--- Requirement ---
Restate word for word the lines below, from the one containing "JSSC Lab Assistant" through the final line, with no pictures included.
---------- Given information ----------
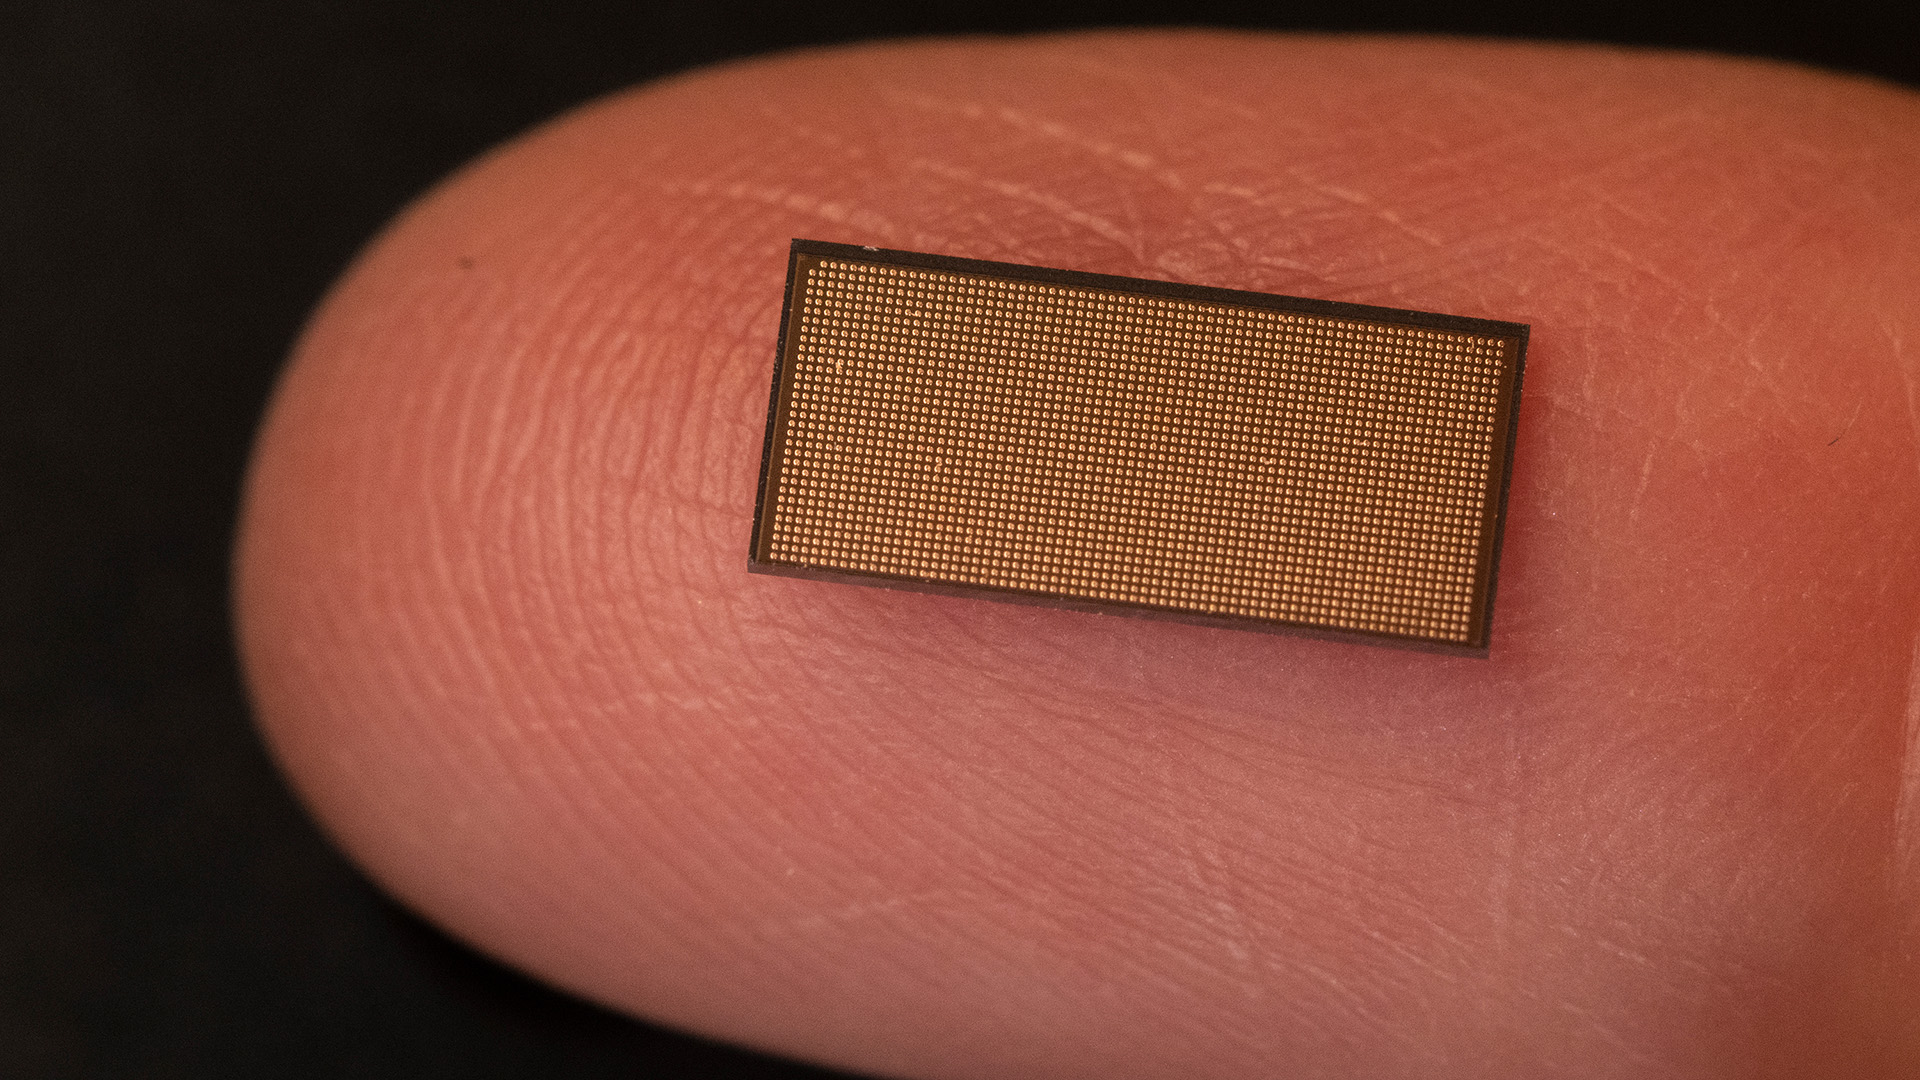 Intel's Loihi 2 chip on the tip of a finger
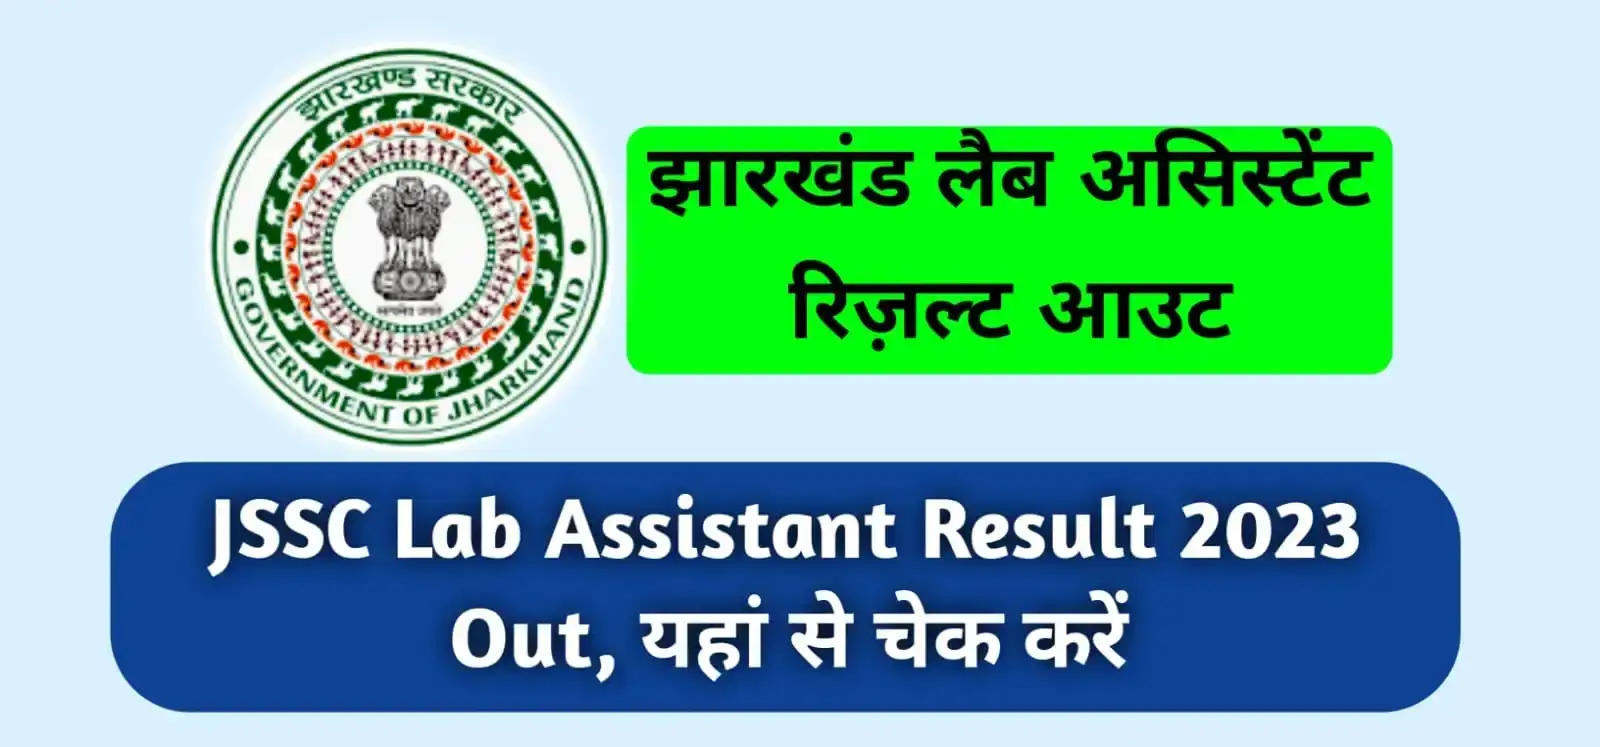 JSSC Lab Assistant Result 2023 Out: Check Merit List at jssc.nic.in 
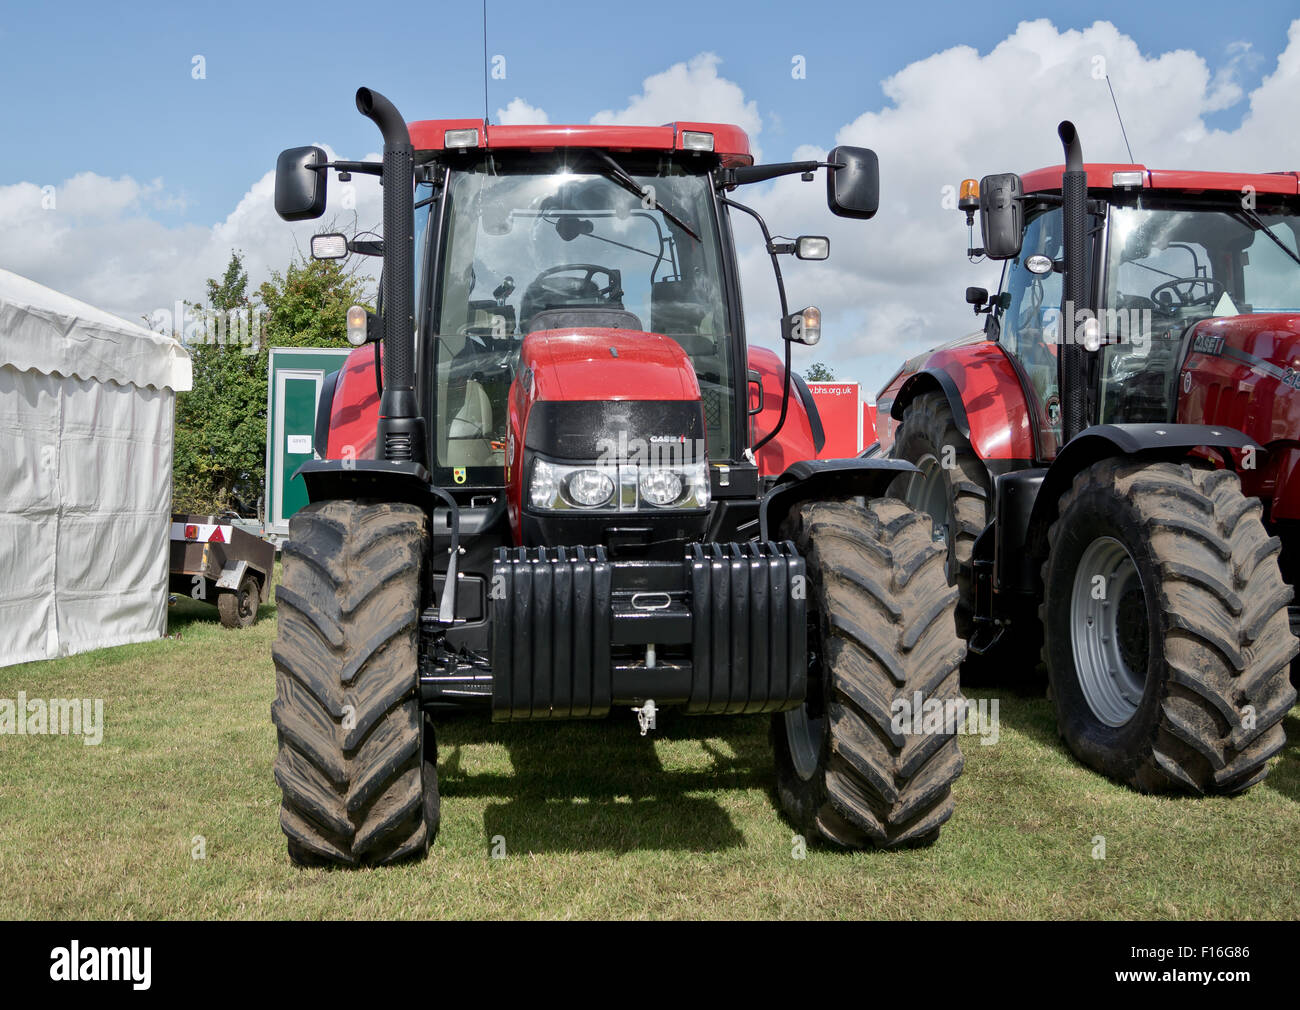 The Bucks County Show,UK  27/08/15. A case ii Tractor on display. Credit:  Scott Carruthers/Alamy Live News Stock Photo
----------
--- Response box ---
 JSSC Lab Assistant Result 2023 Out: Check Merit List at jssc.nic.in 
 The Bucks County Show,UK  27/08/15. A case ii Tractor on display. Credit:  Scott Carruthers/Alamy Live News Stock Photo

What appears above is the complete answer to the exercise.